After World War Two, many African countries wanted independence and self-determination, the right to their own lands and government. Colonisation was costly as colonies were expensive to keep hold of and the wars of the twentieth century had depleted Britain’s economy. The British were reluctant to give up their colonies because they were a source of wealth and trade that would bring prosperity back to Britain. In 1957, Ghana was the first African nation to get independence from the British Empire. It was during the 1960s that Britain accepted that decolonisation was going to happen. The last British colony to gain independence was Zimbabwe in 1980.

Development in Africa

 

Africa is the world’s second largest continent, accounting for 20.2% of Earth’s landmass.

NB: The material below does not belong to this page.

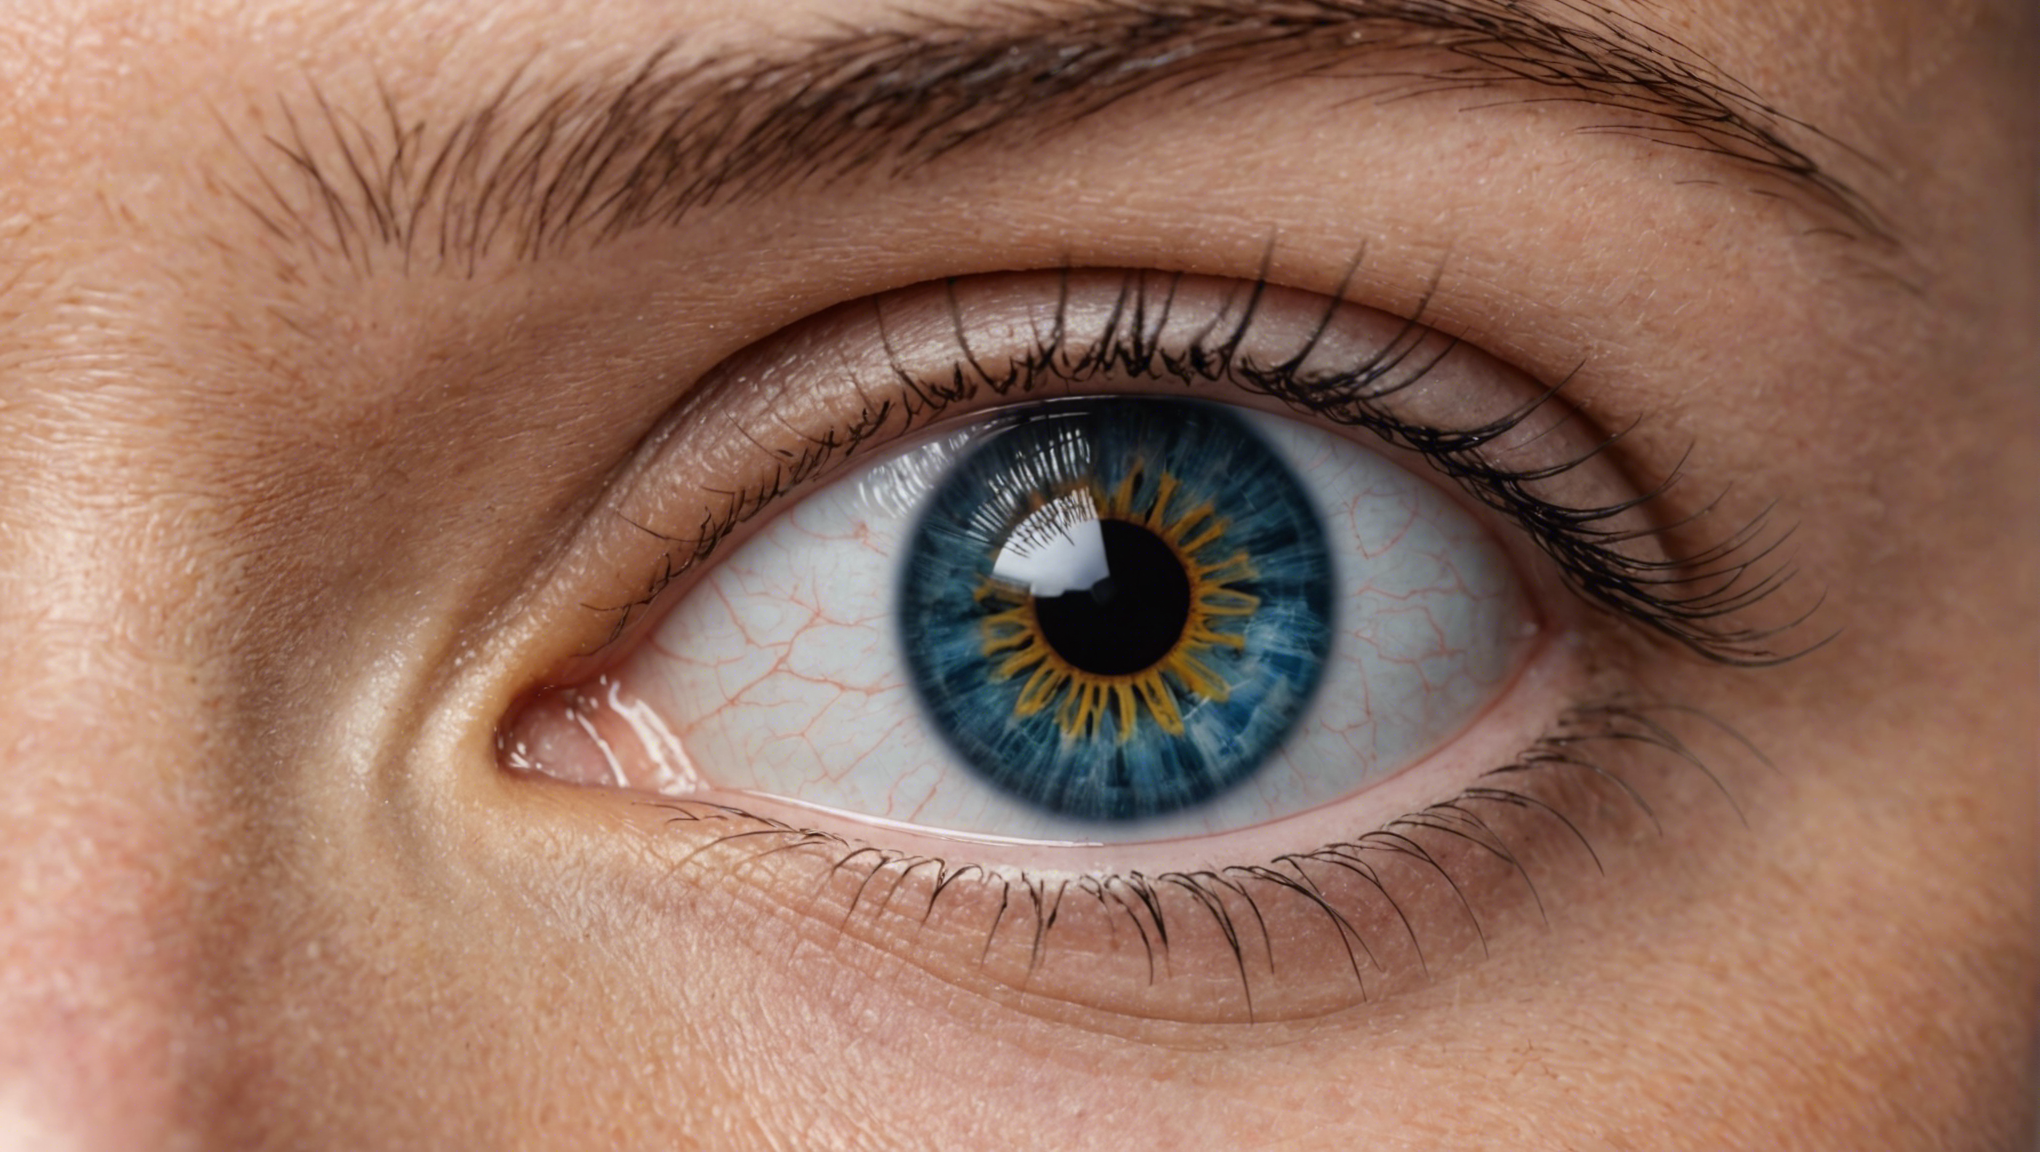 découvrez les dernières avancées en ophtalmologie et les nouveautés qui transforment la prise en charge des troubles oculaires. restez informé sur les innovations médicales dans le domaine de l'ophtalmologie.

It is one of the world’s greatest wildernesses with its scorching Sahara and Sahel in the north and Namib and Kalahari deserts in the southwest. Many parts of Africa are vast Savannahs, like those across east and southern Africa. Nearer to the equator, is the Congo River and Earth’s second-largest tropical rainforest, the Congolese Rainforest. Some of the world’s largest and longest rivers are found in Africa. Located in the northeast of Africa, the world’s longest river, the Nile River flows 6695km before emptying into the Mediterranean Sea. The Congo River is Africa’s second longest river, flowing from the dense tropical rainforest of the Congo Basin to the Atlantic Ocean. Africa is rich in natural resources. The continent exports 16% of the world’s uranium, used to produce nuclear energy. One of the world’s largest uranium mines is in Namibia. Uranium is also mined in Niger and South Africa. The southern countries, especially South Africa also have large reserves of diamonds, gold, and copper.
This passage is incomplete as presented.